Computers in Education | 2019
Christoph Pimmer; Florian Brühlmann; Titilayo Dorothy Odetola; Deborah Olusola Oluwasola; Oluwafemi Dipeolu; Ademola J. Ajuwon
Abstract Although Mobile Instant Messaging (MIM) is a massive communication phenomenon and its educational use can be seen as a genuine form of mobile learning, it has been studied to a limited extent to date. The present study examined the use of MIM to engage young professionals in mobile learning communities during their school-to-work transition. This transition is one of the most central but also challenging developmental phases marked by the experience of knowledge gaps and a lack of belonging. To assess knowledge and socio-professional learning effects associated with the use of MIM, this study adopted a quasi-experimental, survey-based approach with an intervention and control condition (n = 114) in the setting of an international research project. In the intervention condition, newly graduated nurses from Nigeria participated in WhatsApp groups in which moderators shared knowledge and stimulated professional discussions over a period of 6 months. Data were collected via online surveys and knowledge tests. The findings show that participants in the moderated WhatsApp groups had significantly higher knowledge and exhibited fewer feelings of professional isolation compared with the control group, which was not subject of any treatment. The effects were even more pronounced when controlling for active contributions (writing vs reading messages), which also amounted to significantly higher levels of professional identification. In addition, across intervention and control groups, the self-reported general active use of WhatsApp (outside of the intervention) was positively associated with the measures of professional social capital maintained with school connections, professional identity, (lower) professional isolation, job satisfaction, and the perceived transfer of school knowledge to work practice. Whereas knowledge and socio-professional effects can be triggered through moderated WhatsApp interventions yet the general (and thus informal) use of WhatsApp is associated with socio-professional connectedness. The findings are of particular relevance in the developing context under investigation, which is marked by a lack of alternative support structures.
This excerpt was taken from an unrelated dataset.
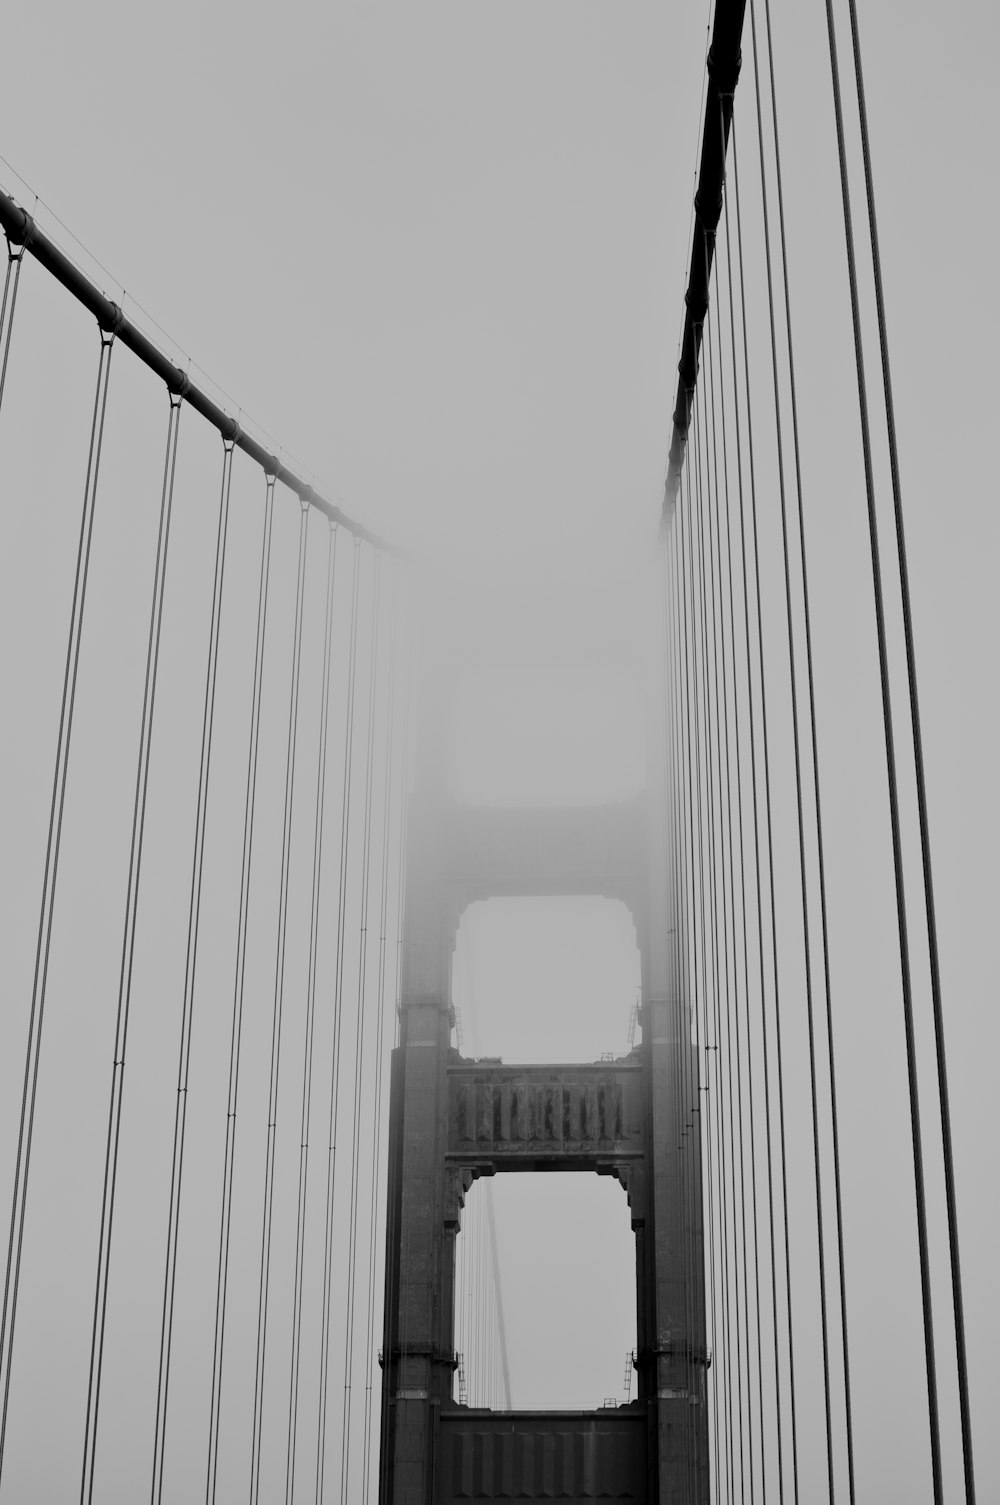 Fotografía en escala de grises del puente Golden Gate

Technology, Pedagogy and Education | 2017
Christoph Pimmer; Jennifer Chipps; Petra Brysiewicz; Fiona Walters; Sebastian Linxen; Urs Gröhbiel
Abstract This study analyses the use of a group space on the social networking site Facebook as a way to facilitate research supervision for teams of learners. Borrowing Lee’s framework for research supervision, the goal was to understand how supervision and learning was achieved in, and shaped by, the properties of a social networking space. For this purpose, the discourse between supervisor and learners was analysed along with the structural properties afforded by the space. Using the empirical findings and further literature, a conceptual framework was developed that illustrates the ways in which functional supervision, enculturation, emancipation, critical thinking and relationship development are achieved and formed by the interplay of the technological, functional, multimodal and the wider sociocultural, political and sociolinguistic structures associated with social media space.